The boxplots shown for each fluorescence pattern demonstrates the variation in the proportion of FOVs demonstrating the given fluorescence pattern in the given time window between 5- ALA administration and TPEF imaging. Each box ranges from the first quartile to the third quartile of the distribution and the median is marked by a line across the box. The lines extending from each box represent ± 1.5 × interquartile range.
Extended Data Fig. 2 Relationship between cellular accumulation of PpIX and abundance of histiocytes.
A range of histiocyte density was encountered in the patients enrolled in our study. Specimens revealing hypercellular pleomorphic, high-grade glial neoplasms on SRH and conventional H&E reveal variations in the abundance of CD163 positive cells that correlate qualitatively with the abundance of cells with PpIX concentrated within the cytoplasm. Examples of high histiocyte density (a, patient 32), intermediate histiocyte density (b, patient 45) and low histiocyte density (c, patient 42) are shown here. The association of CD163 positivity and the number of cells with high PpIX cytoplasmic concentration is demonstrated in the study subjects with tissue available for CD163 staining (d, n = 45).
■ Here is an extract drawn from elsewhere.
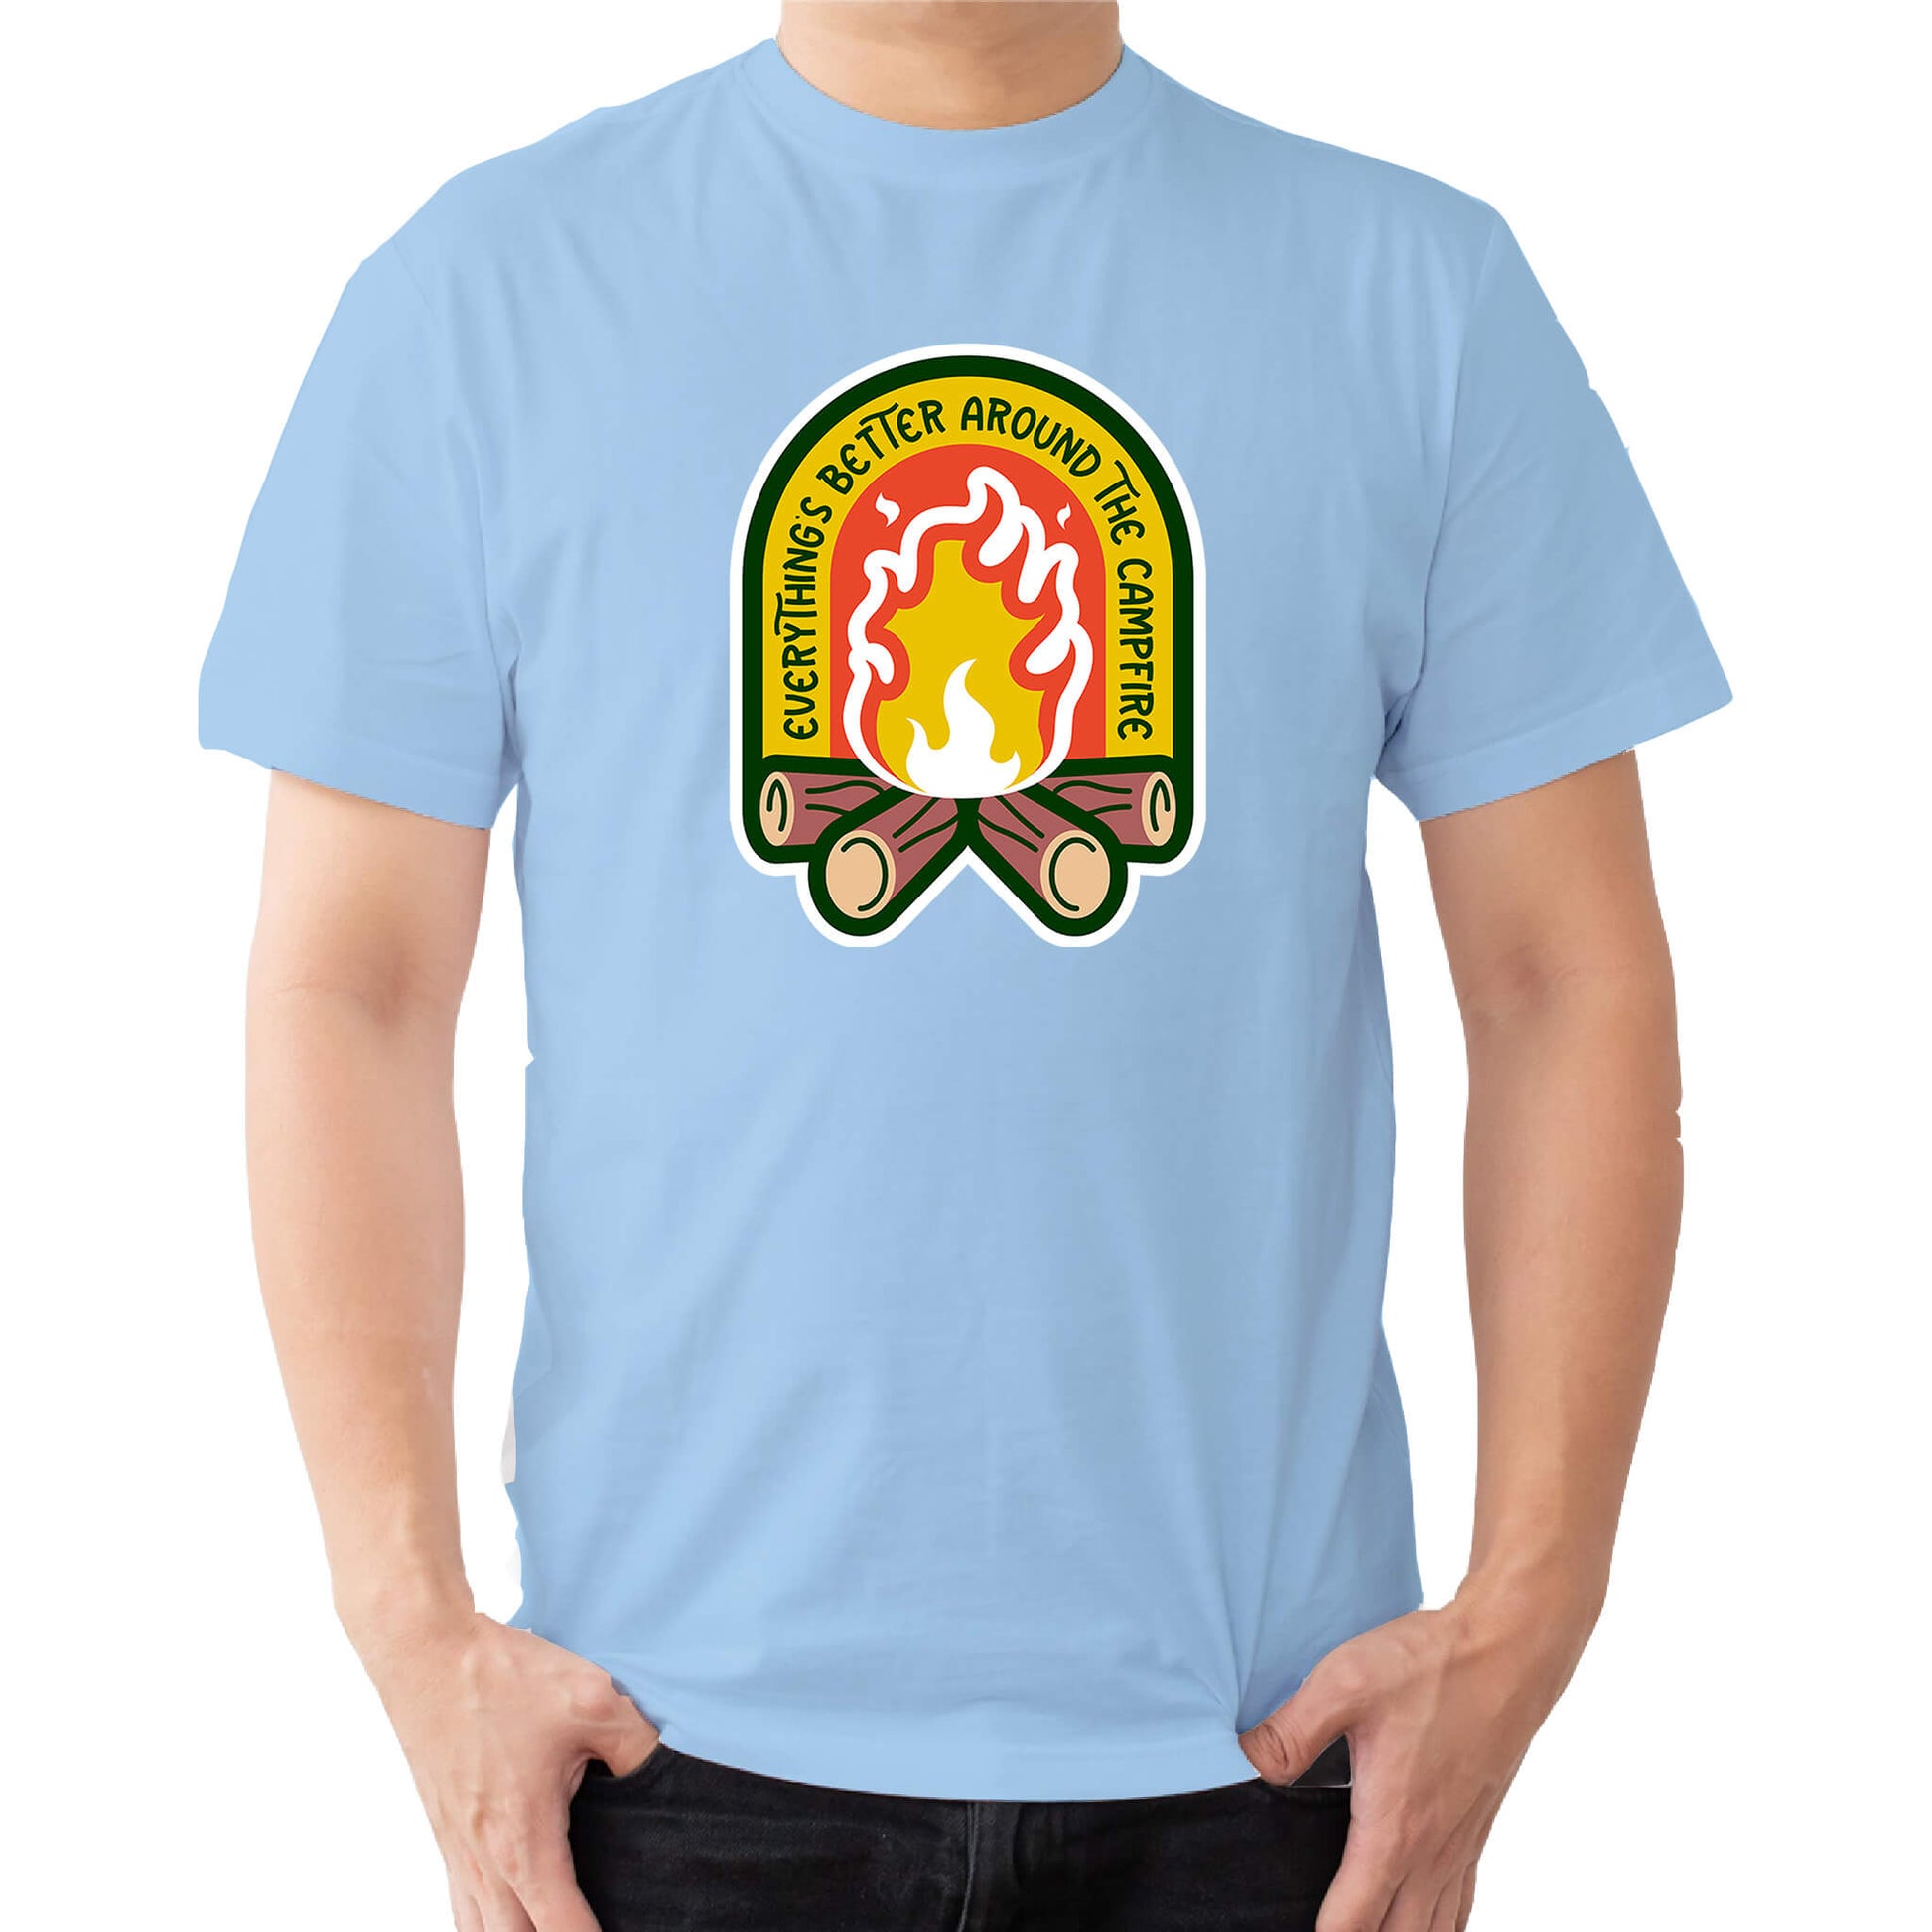 "Blue Cozy tee featuring a campfire image, perfect for outdoor enthusiasts. Text says: 'Everything is better around the campfire.' Embrace the warmth and camaraderie!"

Cells concentrating PpIX in the cytoplasm were more abundant in specimens with intermediate (*: p = 0.02, two-sided Mann-Whitney U Test) and high CD163 positivity (**: p = 0.002, two-sided Mann-Whitney U Test) though there was no significant difference between PpIX cellularity comparing specimens with intermediate versus high CD163 positivity (n.s.: no statistical significance, p = 0.06, two-sided Mann-Whitney U Test). Each box ranges from the first quartile to the third quartile of the distribution and the median is marked by a line across the box. The lines extending from each box represent ± 1.5 × interquartile range.
Extended Data Fig. 3 CD163 staining in patients with lymphoma.
Cells accumulating PpIX in lymphoma specimens are morphologically consistent with those histiocytes present in high grade glioma specimens. Immunohistochemistry on the same specimens revealed CD163 positive cells with similar abundance to the PpIX accumulating cells in each of the three patients (a, patient 76; b, patient 77; c, Patient 78).
Extended Data Fig. 4 Additional transcriptomic and metabolomic analysis of PpIX accumulating cells.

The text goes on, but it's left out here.